### DATASET EXTRACT
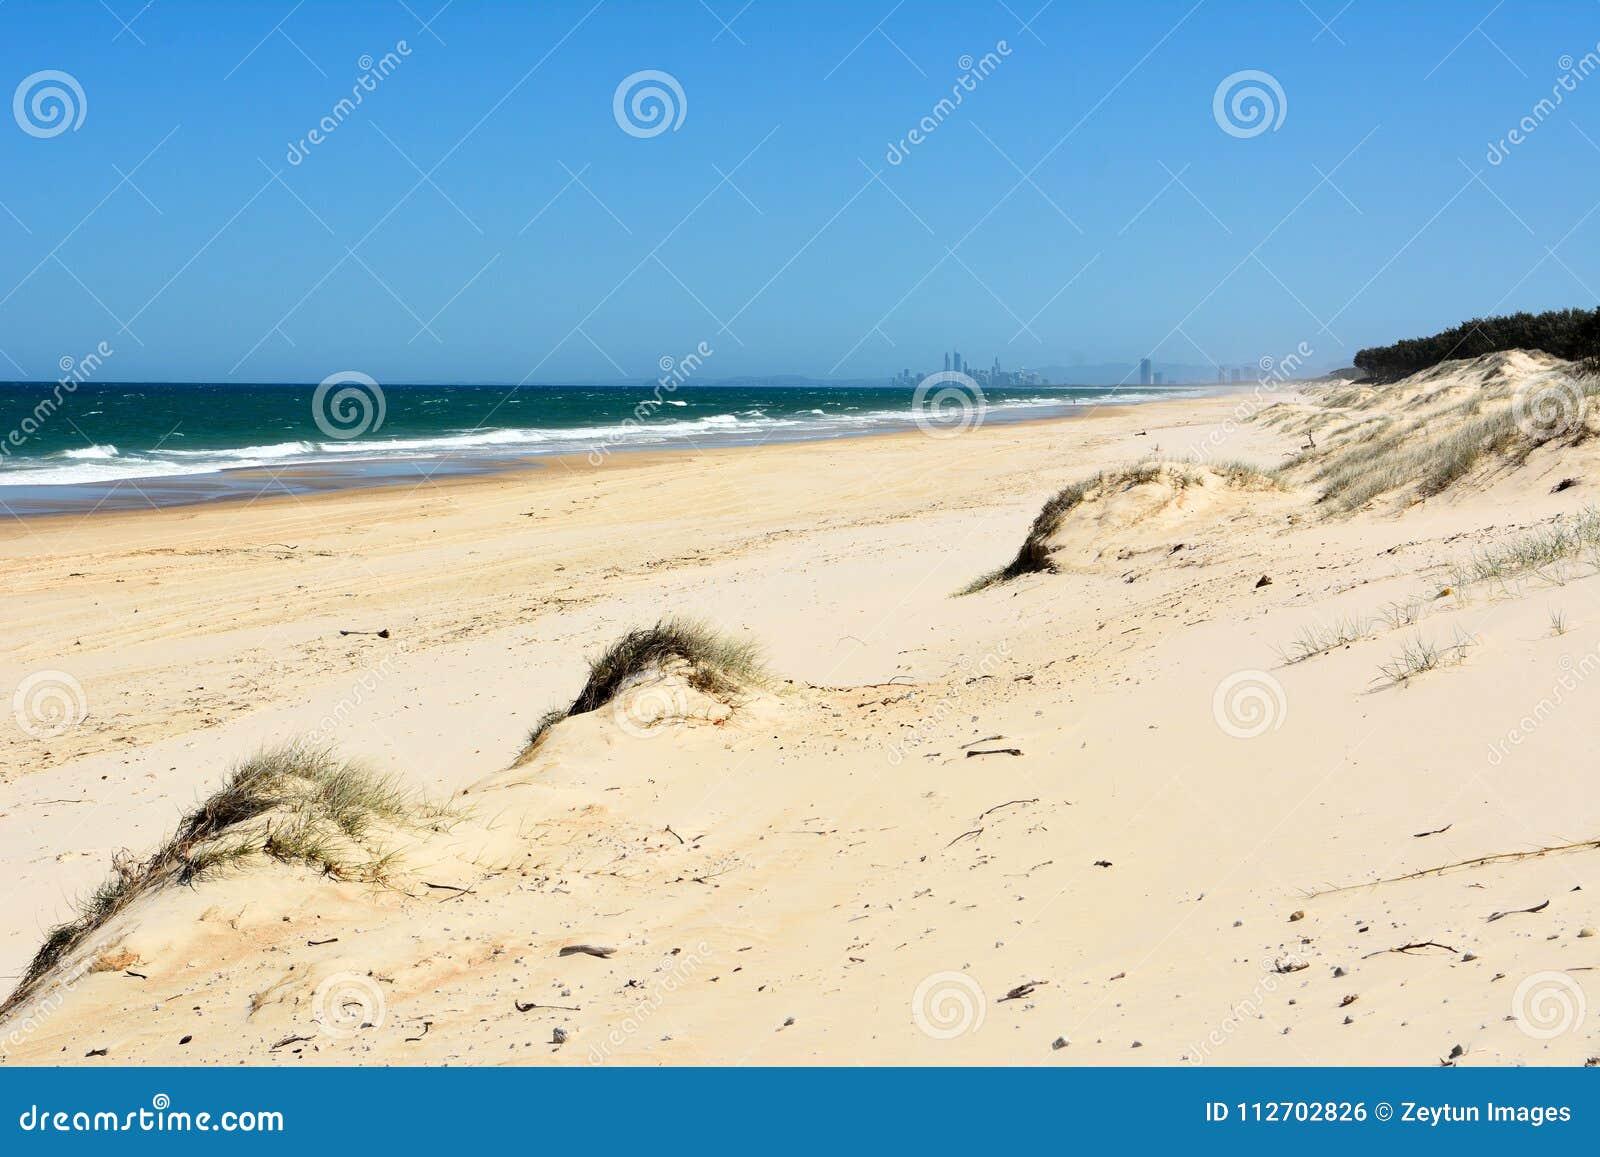 Sand Dunes And Surf Beach On South Stradbroke Island In
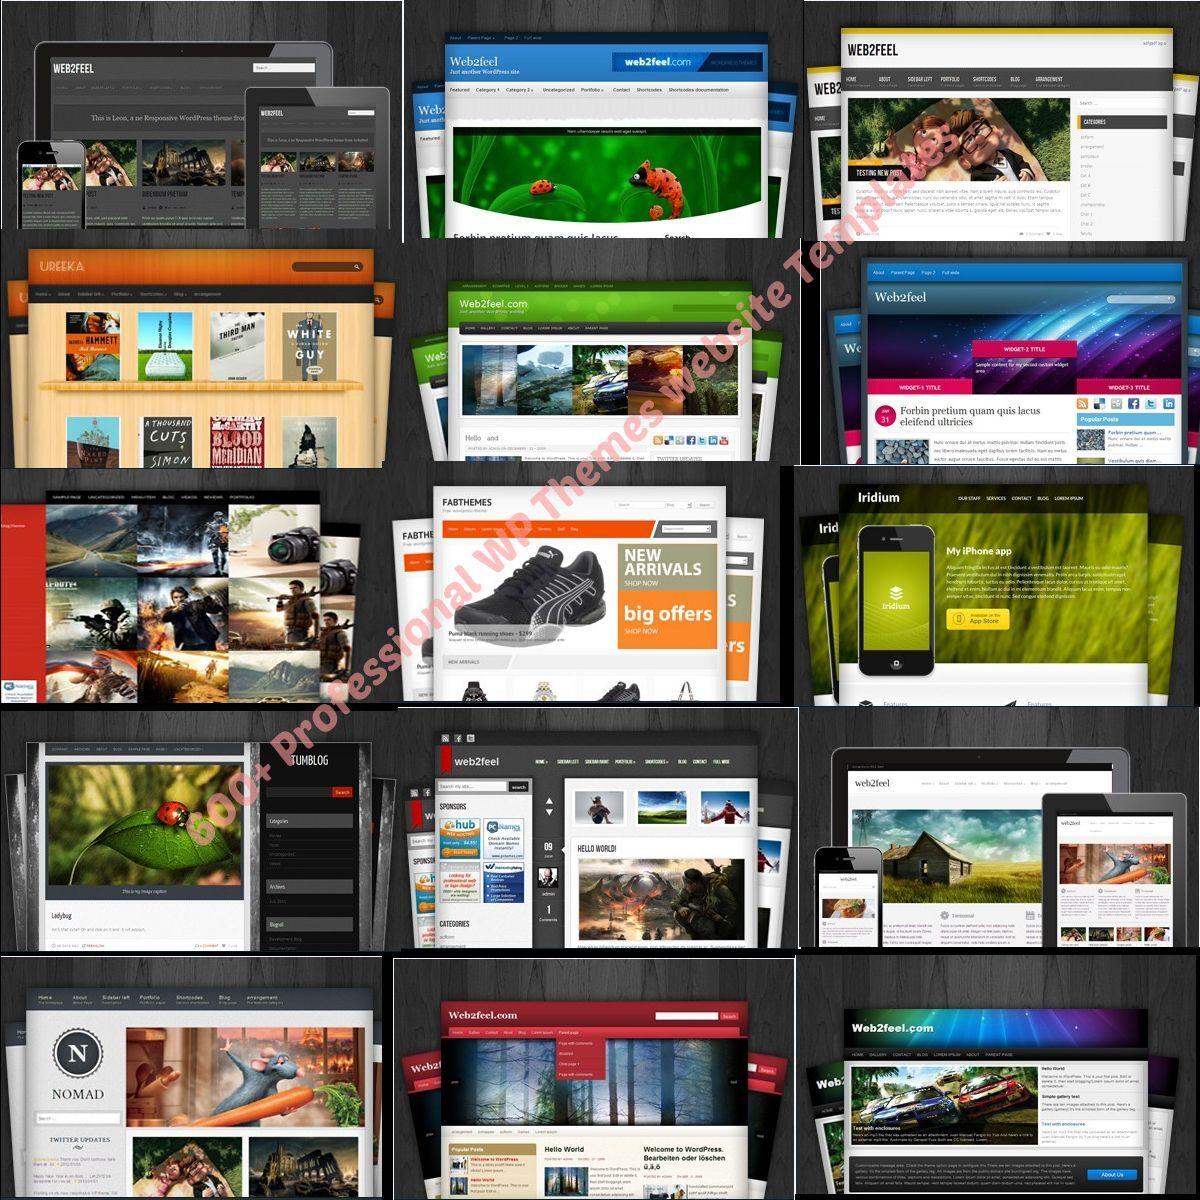 600+ WordPress Premium Themes, Plus WP Video Training and Mega-pack Clip Arts 2
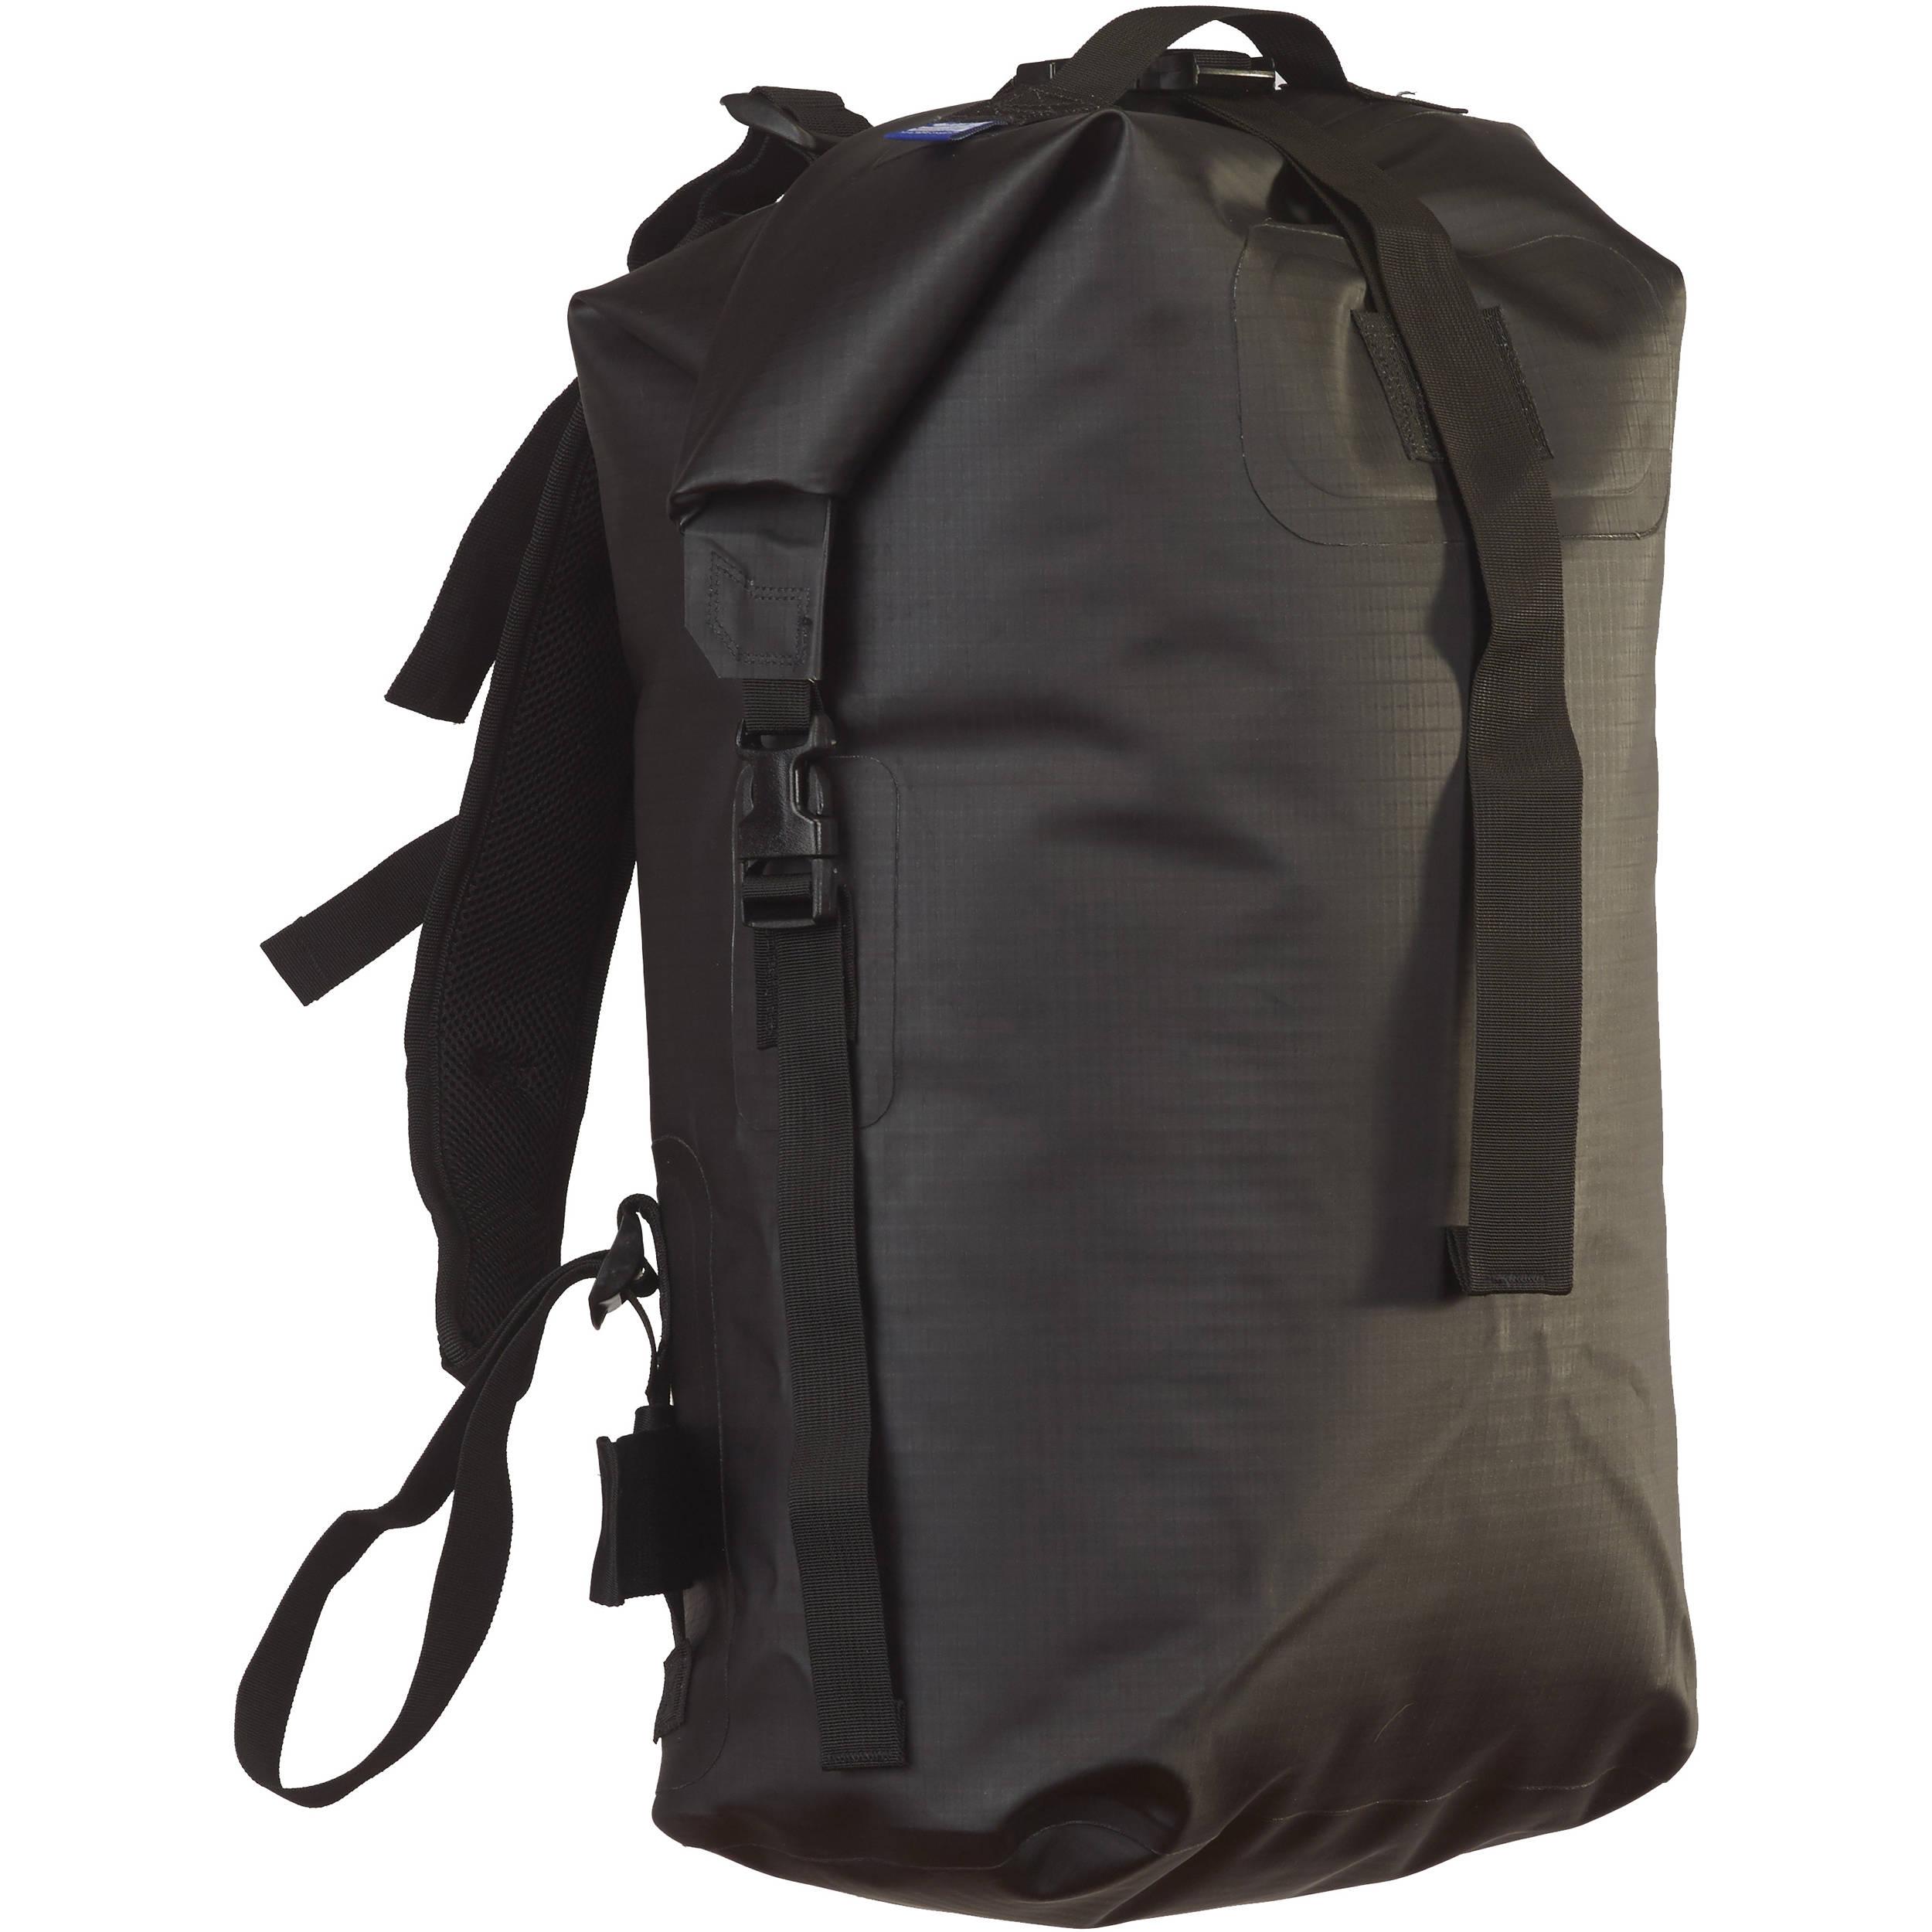 WATERSHED Animas Backpack (Black) FGW-ANI-BLK B H Photo Video cbb4eeb927ecf

### ABOUT THIS EXERCISE
Pictures aside, reproduce all of the data exactly.

### PROBLEM SOLUTION
 Sand Dunes And Surf Beach On South Stradbroke Island In
 600+ WordPress Premium Themes, Plus WP Video Training and Mega-pack Clip Arts 2
 WATERSHED Animas Backpack (Black) FGW-ANI-BLK B H Photo Video cbb4eeb927ecf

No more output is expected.